Spam assassin completely missed it..
X-Spam-Status: No, hits=0.0 required=5.0
Nada! Not even half a point!
Why?
It's a plain text email without obviously forged headers and spam assassin relies heavily on commonly used phrases..
This is going to be a nightmare if this first e-mail indicates that I've gotten on some foreign-based spam lists... Unless of course foreign-language support is built into spamassassin.. Once again, we rely too heavily on the whole world speaking English.
Oy
Comments
Score one for Bayesian filtering: I get a bit of Portuguese spam, and a ton in Chinese/Japanese/Korean, and since I never get non-spam in any of those languages it only takes one to teach POPFile that they are all spam.
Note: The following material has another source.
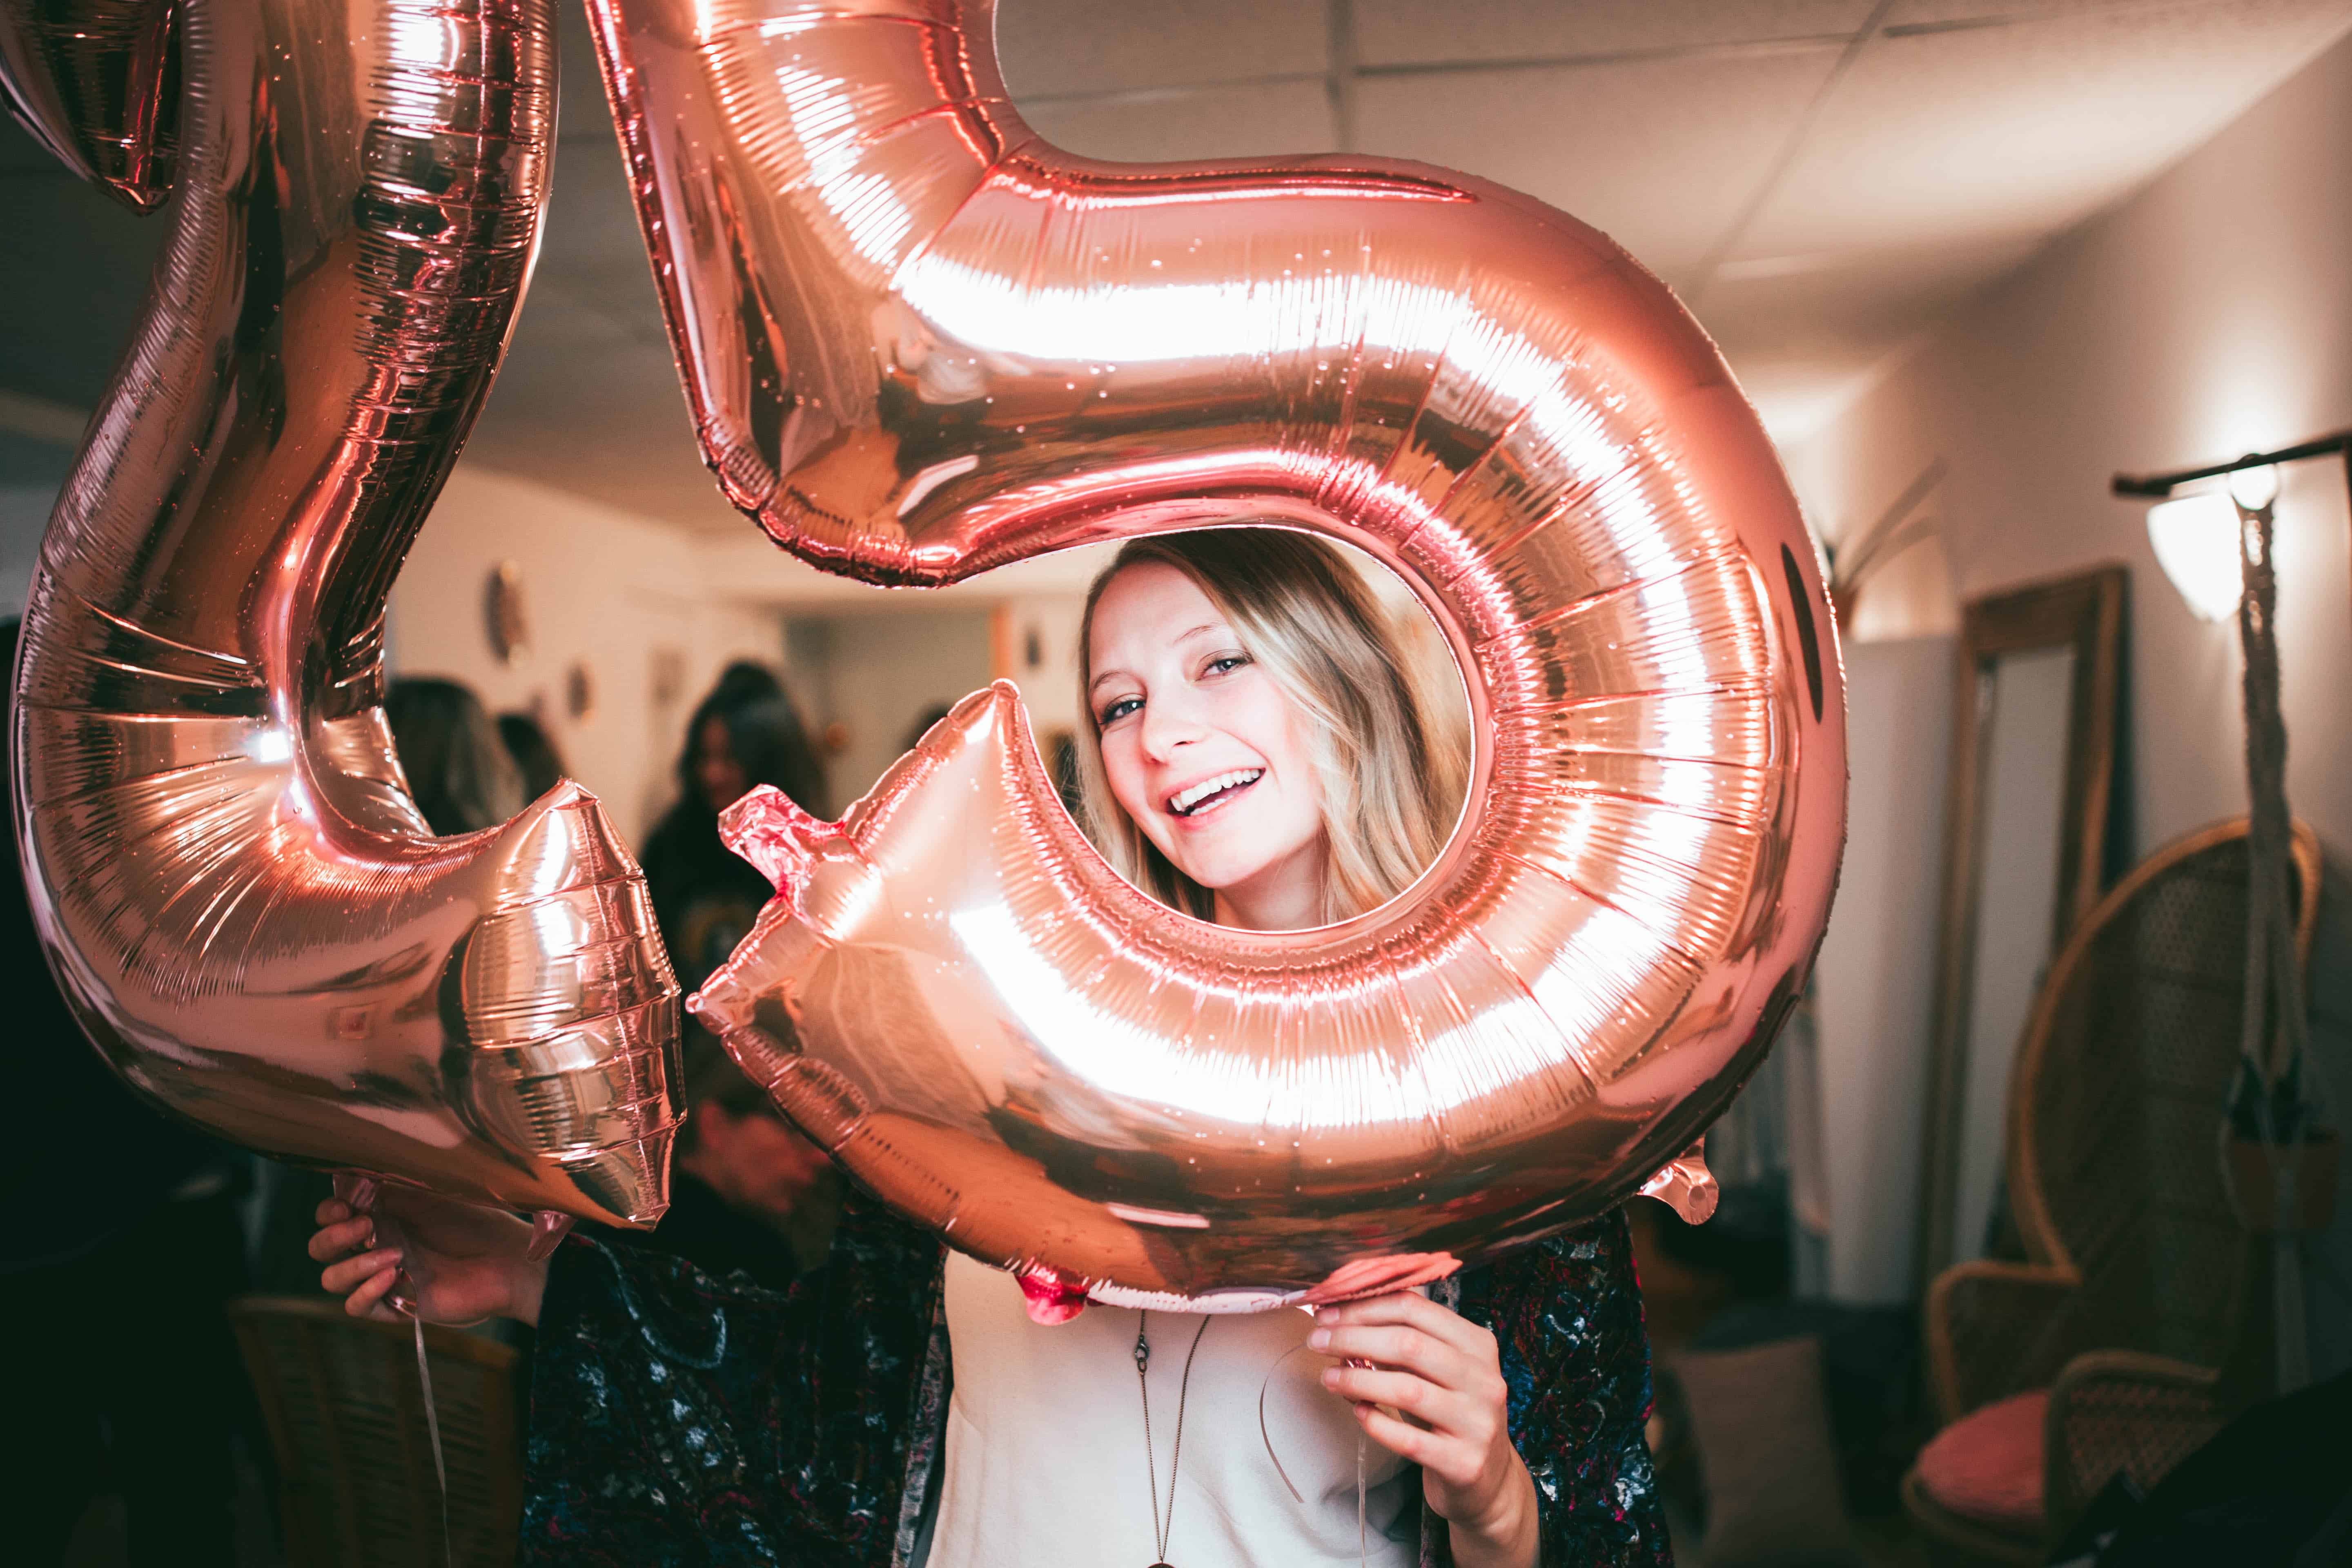 A happy woman smiles and holds birthday balloons with the number 25 on it

Posted by: Phil Ringnalda | July 9, 2003 11:44 AM
Lo siento mucho
Posted by: Steve Friedl | July 9, 2003 11:48 AM
Yup, agree with Phil on this.... bogofilter has been filtering out non-english spam for a while now. I have a nice little procmail rule to drop unreadable (read: chinese/japanese/korean spam). Not sure if it's useful to you at all, but here it is anyway:
## Silently drop all completely unreadable mail
:0:
* 1^0 ^\/Subject:.*=\?(.*big5|iso-2022-jp|ISO-2022-KR|euc-kr|gb2312|ks_c_5601-1987|windows-1251|windows-1256)\?
* 1^0 ^\/Content-Type:.*charset="(.*big5|iso-2022-jp|ISO-2022-KR|euc-kr|gb2312|ks_c_5601-1987|windows-1251|windows-1256)
spam
####
Posted by: Arcterex | July 9, 2003 01:09 PM
Agh, used to get so much Korean spam it was crazy. 10-30/day. Awful.
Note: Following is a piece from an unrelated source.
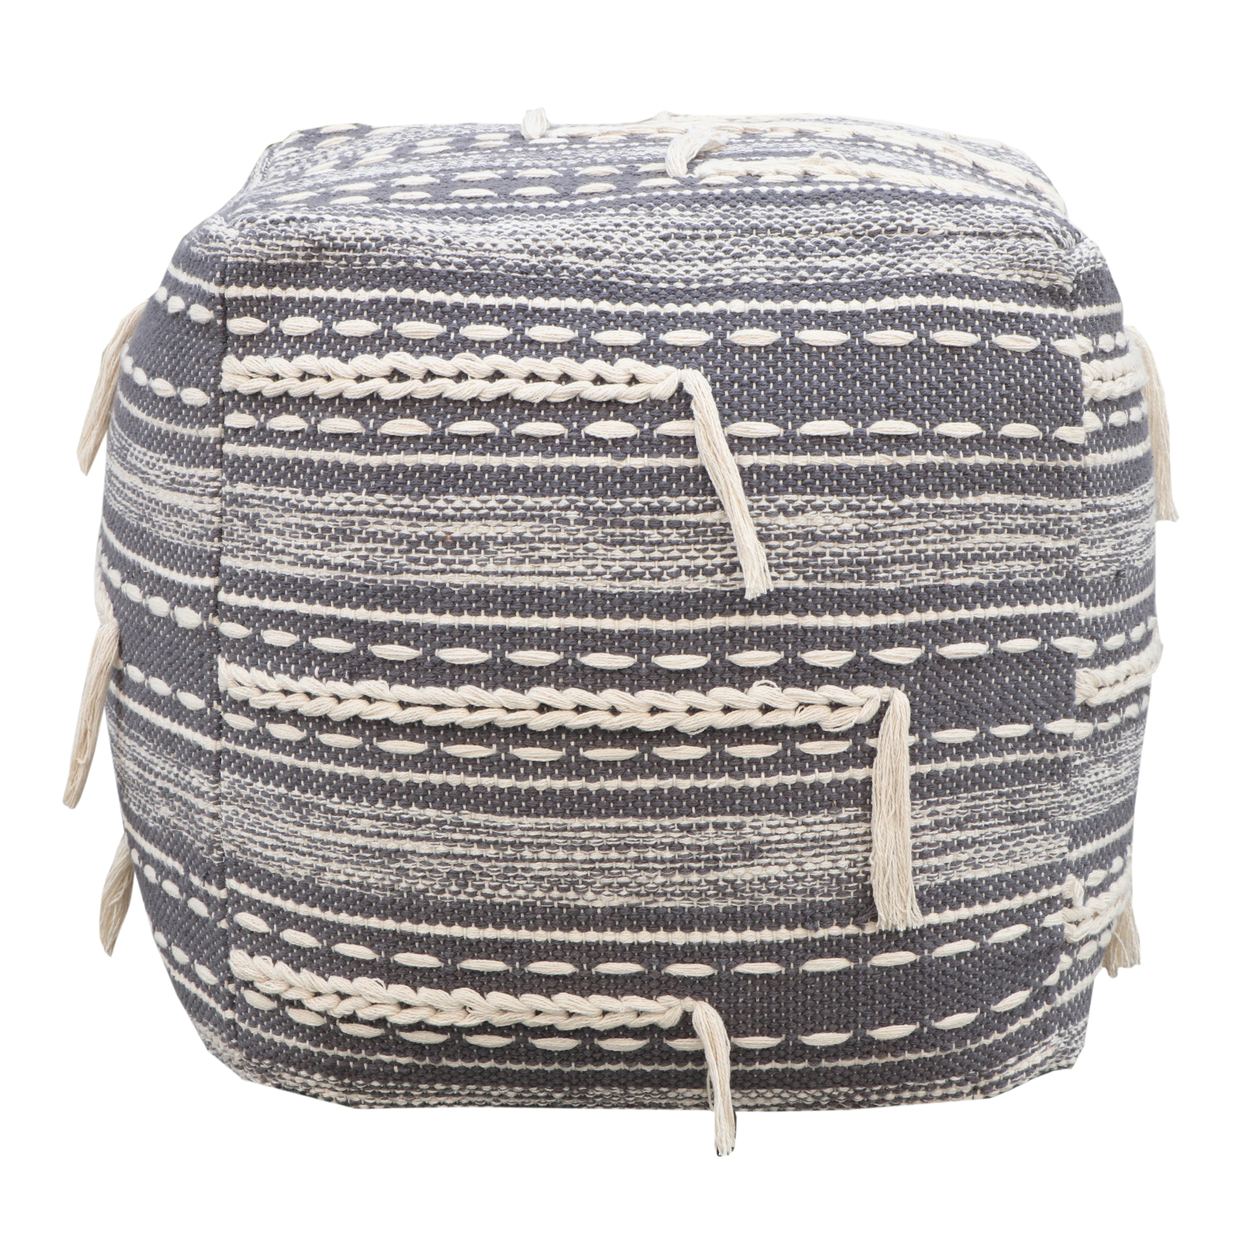 Iconic Home Spearman Ottoman Woven Cotton Upholstered Two-Tone Striped Pattern With Tassels Square Pouf - Black

Posted by: Jeremy C. Wright | July 9, 2003 02:33 PM
For me the problem is reverse: most of the spam is foreign for me (usually English), but I do receive also legitimate English mail which sometimes is classified as spam.
I'm using the bayesian filter of the Mail program in Mac OS X, which works usually rather well, but can have problems with spam-like legitimate messages in English. Fortunately, in Finnish there is virtually no spam at all, which makes it easy to avoid wrong classifications in my native language.
Posted by: Juha Haataja | July 10, 2003 03:29 PM
For me, the DNSBL at blackholes.easynet.nl (run by the Netherlands branch of Easynet, who also happens to be my ISP here in the UK) has blocked a huge amount of spam and I am yet to hear of any false hits.
As a very large European ISP, their DNSBL has info on the latest spam mails so very few spam messages slip through.
Posted by: Baba | July 11, 2003 12:43 PM
Kasia -- that's what Bayes is for ;) Train it as spam with "sa-learn", and pretty soon any mail in Spanish will be marked as spam.
I get lots of spam in Turkish and that works great for me...
Posted by: Justin | July 11, 2003 02:41 PM
Would anyone be kind enough to translate (I speak English only) the technical language above? My problem is the same as many of you--I get up to 300 spanish spams per day, (some of them very naughty). I have spamkiller on my forwarding service and on earthlink, but it still comes in. What can I do as a non-technical person--I can't write code. Thanks!
Posted by: Sue | July 16, 2003 07:17 AM
You can list the languages you receive legitimate email in using these two options:
ok_locales en
ok_languages en
This did the trick with the Korean / Thai / Arabic spam I was receiving.
Posted by: Chris Adams | July 20, 2003 12:06 AM
> Foreign language spam - it's a problem
every %¤#¤& spam i get is in a foreign language - english! anyone got a procmail filter?
barx from norway
Posted by: barx | October 15, 2003 03:48 AM